4. Are your data BIDS-valid? Yes, I think so. They’re all in BIDS format and running fmriprep without ICA-AROMA works fine. Also, running fmriprep with ICA-AROMA works fine for 15/22 subjects I have in this dataset.
5. Are the crashes subject-specific or does it fail on everyone? As mentioned above, the crashes are subject-specific: fmriprep with ICA-AROMA works on 15/22 subjects and fails on the other 7, and I’m at a loss for what differentiates the successes from the fails. I collected the data myself on the same scanner in a short span of time, all the participants are community adults, and I don’t see any obvious differences in run quality–in fact, some of the failed runs look cleaner (less motion) than runs that succeeded.

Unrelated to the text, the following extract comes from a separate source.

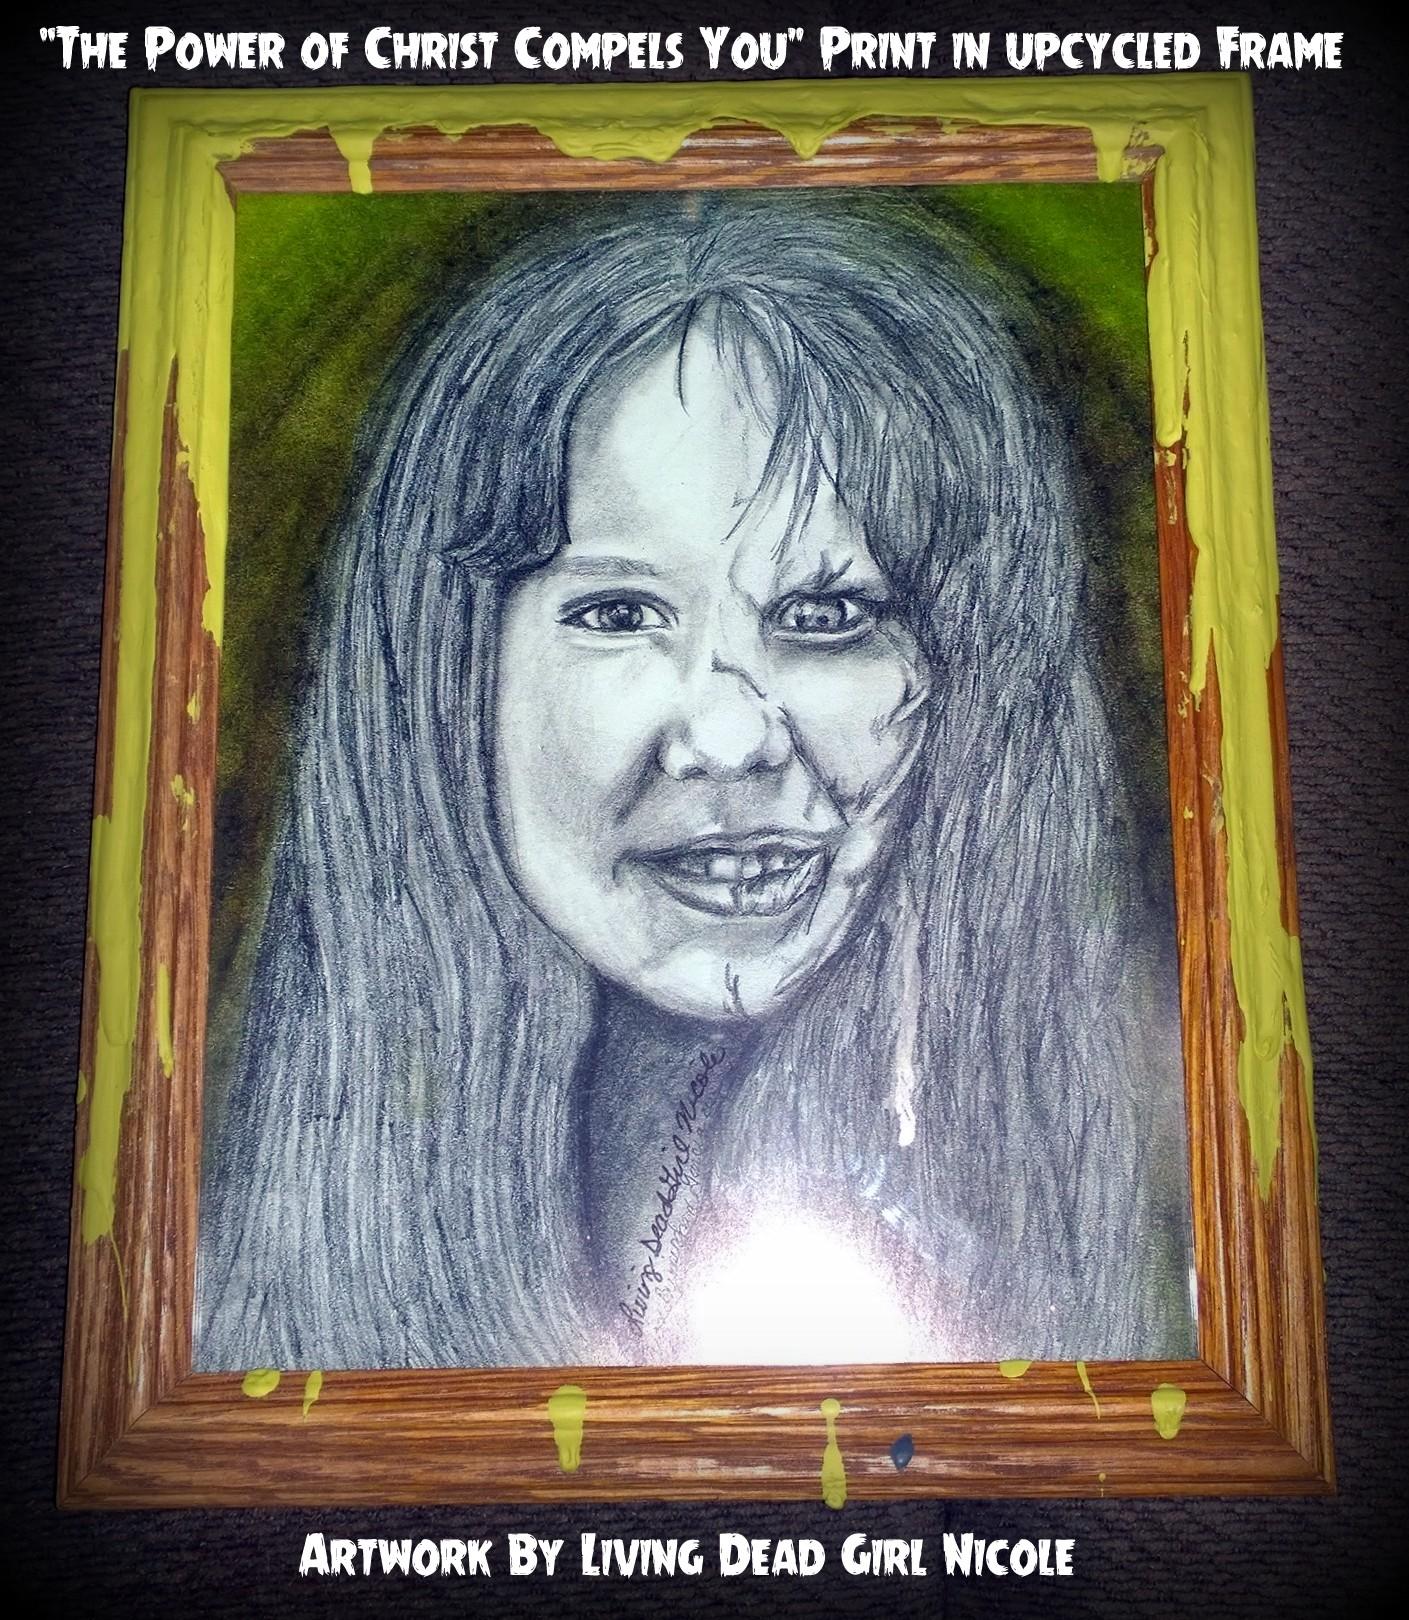 Regan Exorcist in upcycled frame

I’ve been trying to think of things to play with in order to gain insight here, and I noticed comments on other threads indicating that global signal regression can sometimes improve ICA-AROMA fits. My understanding is that the global signal (along with CSF and WM covariates) are computed before ICA-AROMA is run. Do you know if there’s a way to ask fmriprep to regress the global signal out of the BOLD data before it’s passed to ICA-AROMA? I thought that might be worth trying, to see if it makes any difference, but I’m not a nipype ninja so am not sure how difficult this would be to do.